**EXERCISE:** Once the pictures are removed, restate the listing word for word.

**PROVIDED MATERIAL:**
== Segment start ==

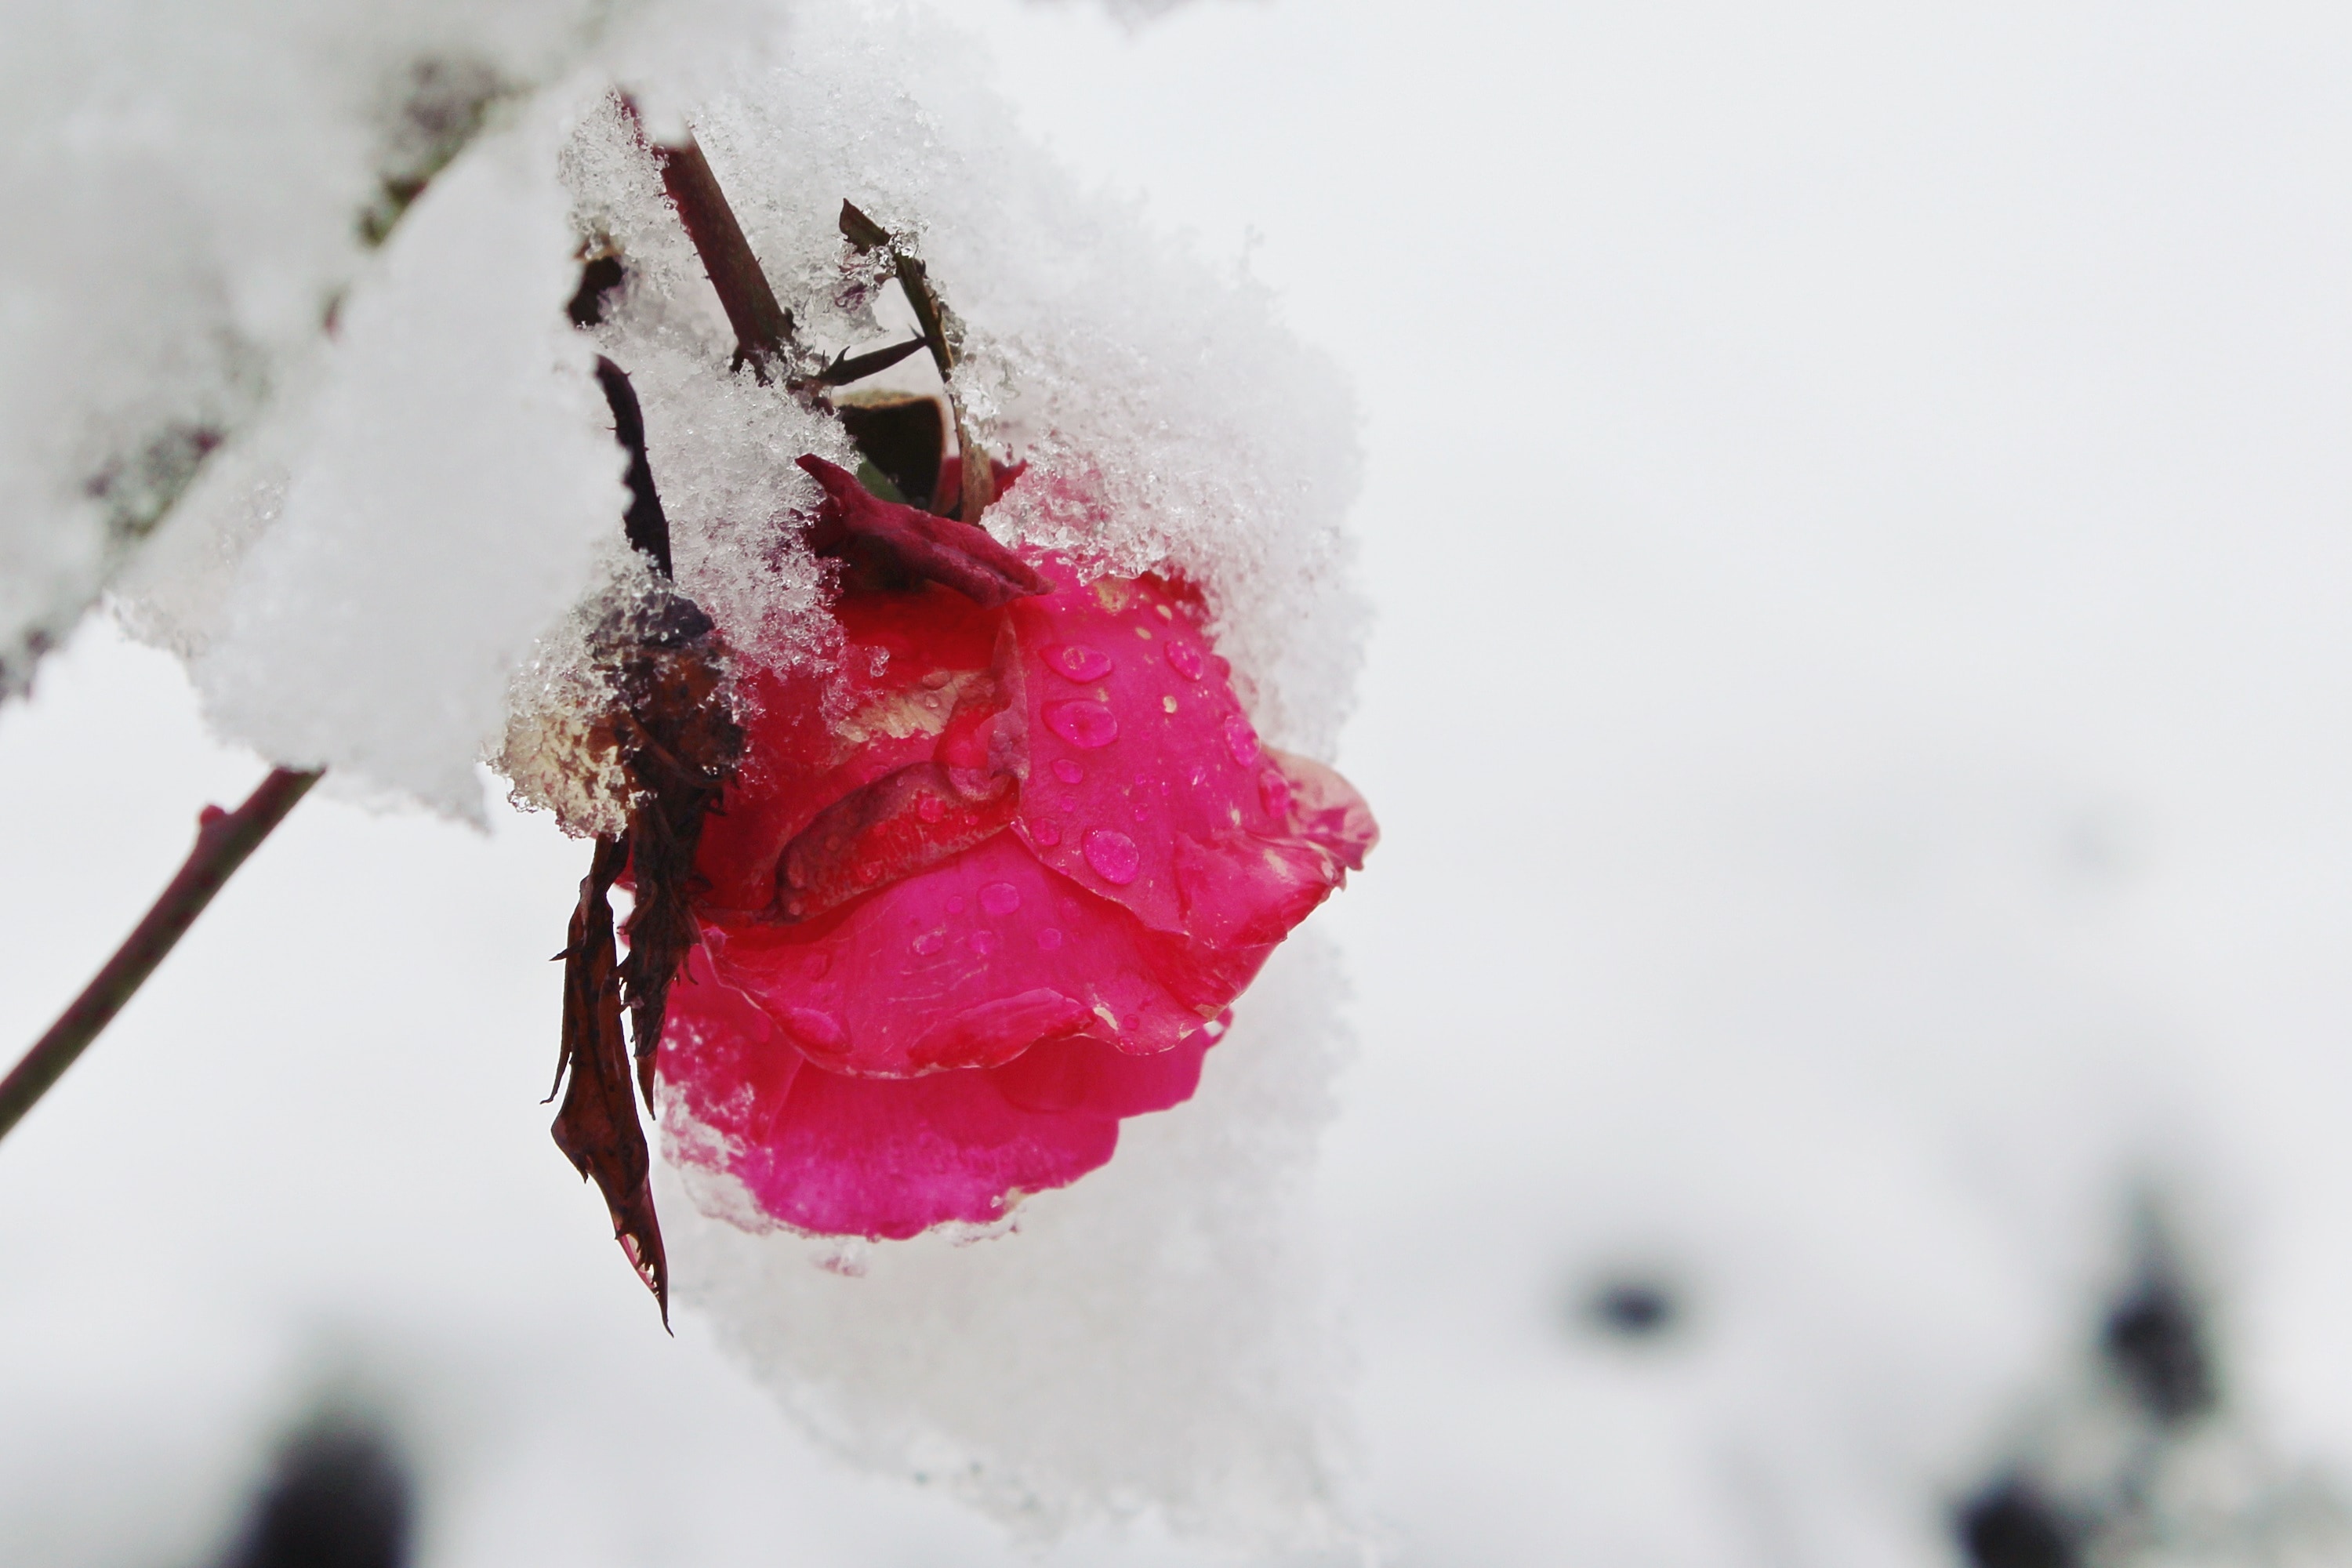 Nature, Rose, Red, Snow, Winter, Covered, snow, cold temperature
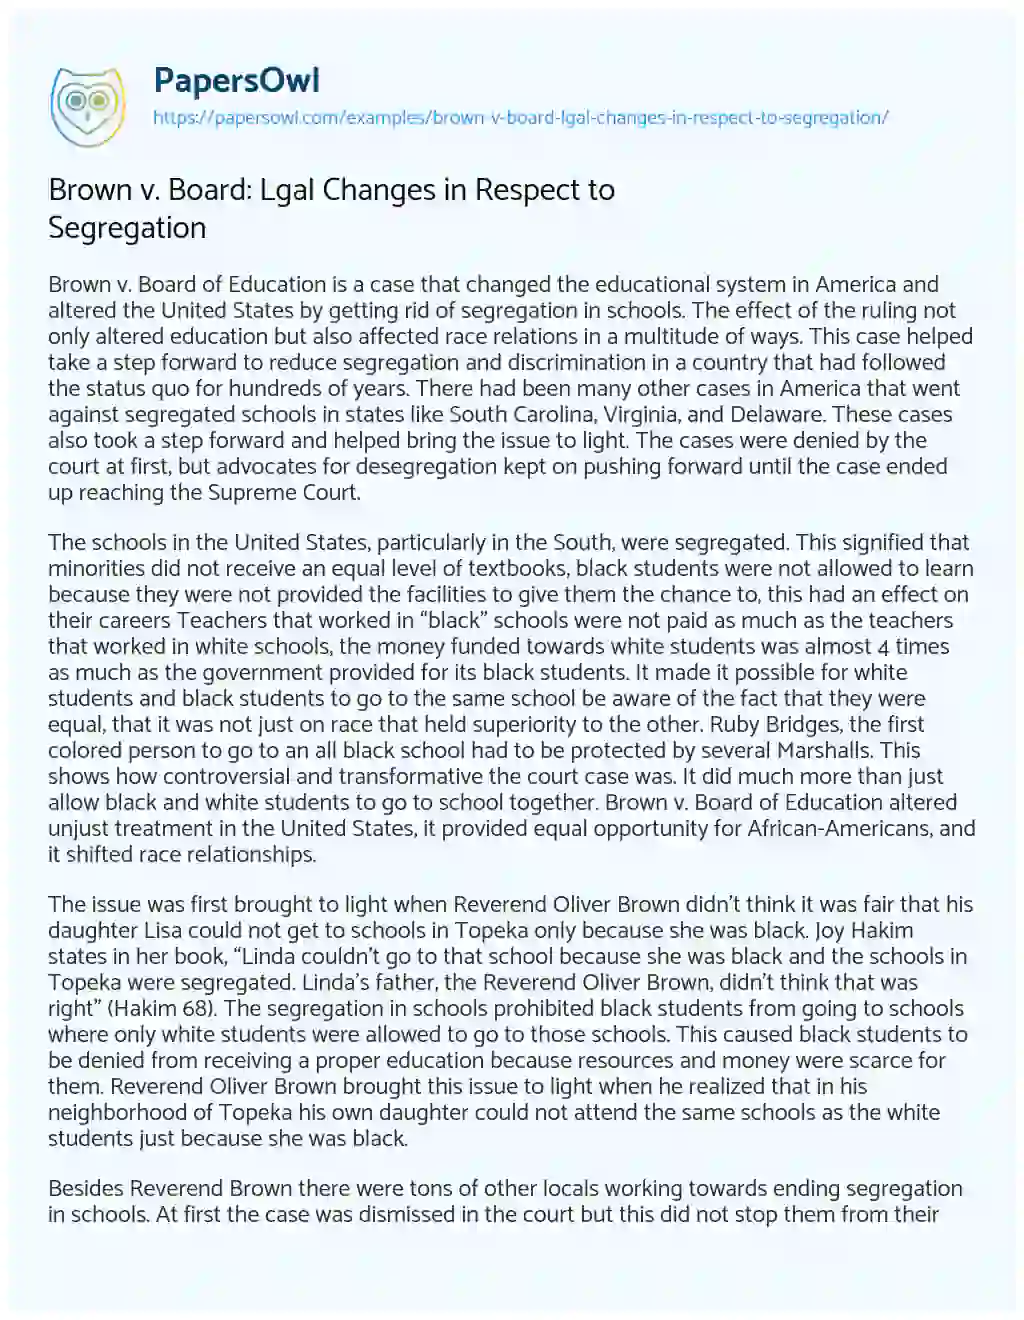 Essay on Brown V. Board: Lgal Changes in Respect to Segregation
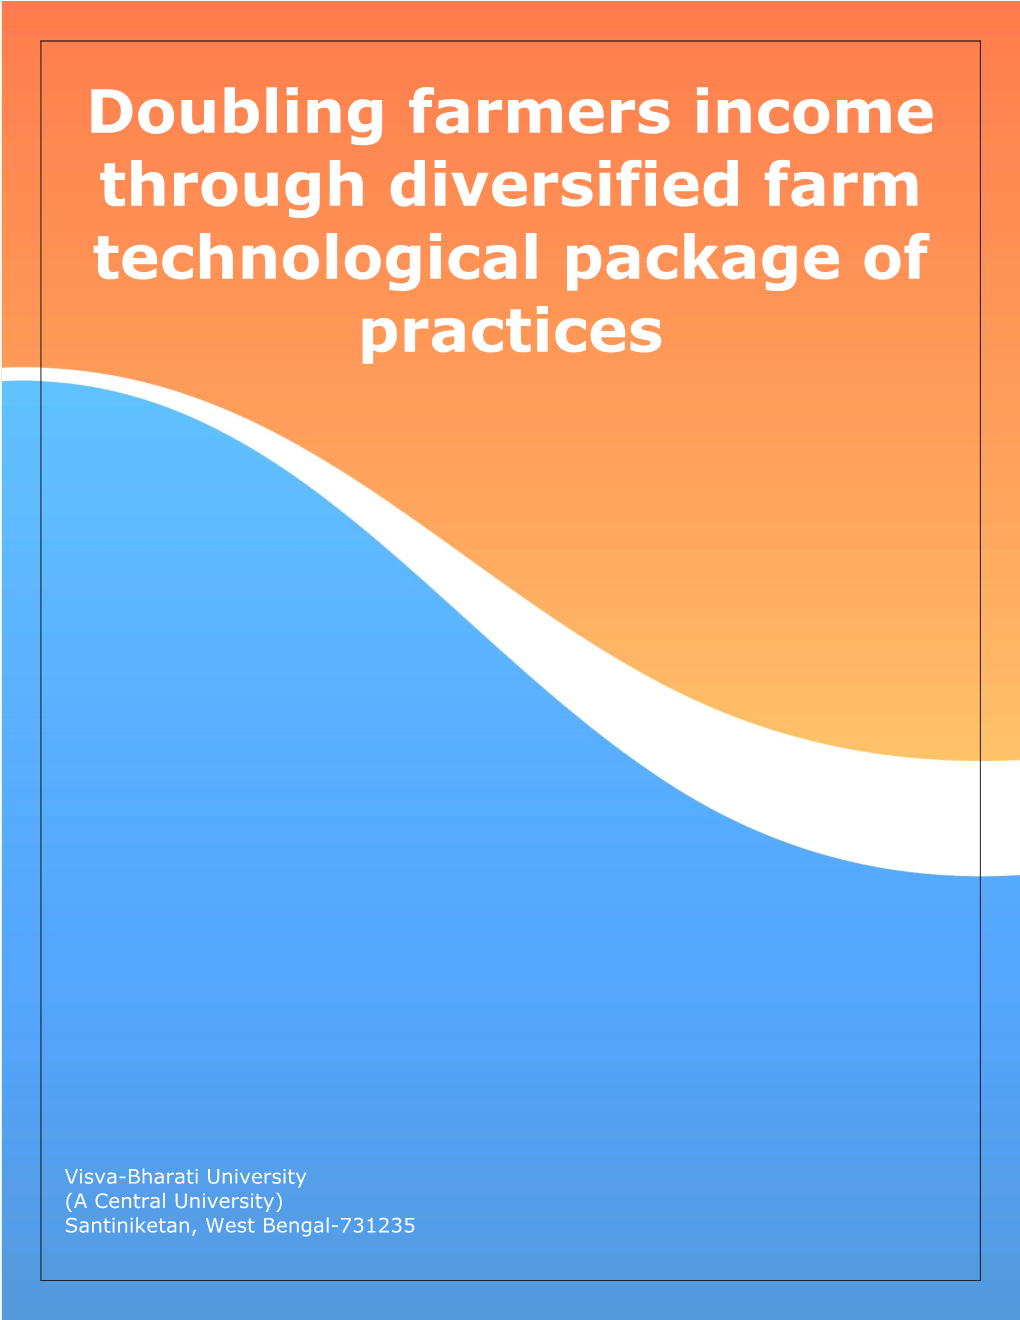 Doubling Farmers Income Through Diversified Farm Technological

== Segment end ==

**FINISHED EXERCISE:**
 Nature, Rose, Red, Snow, Winter, Covered, snow, cold temperature
 Essay on Brown V. Board: Lgal Changes in Respect to Segregation
 Doubling Farmers Income Through Diversified Farm Technological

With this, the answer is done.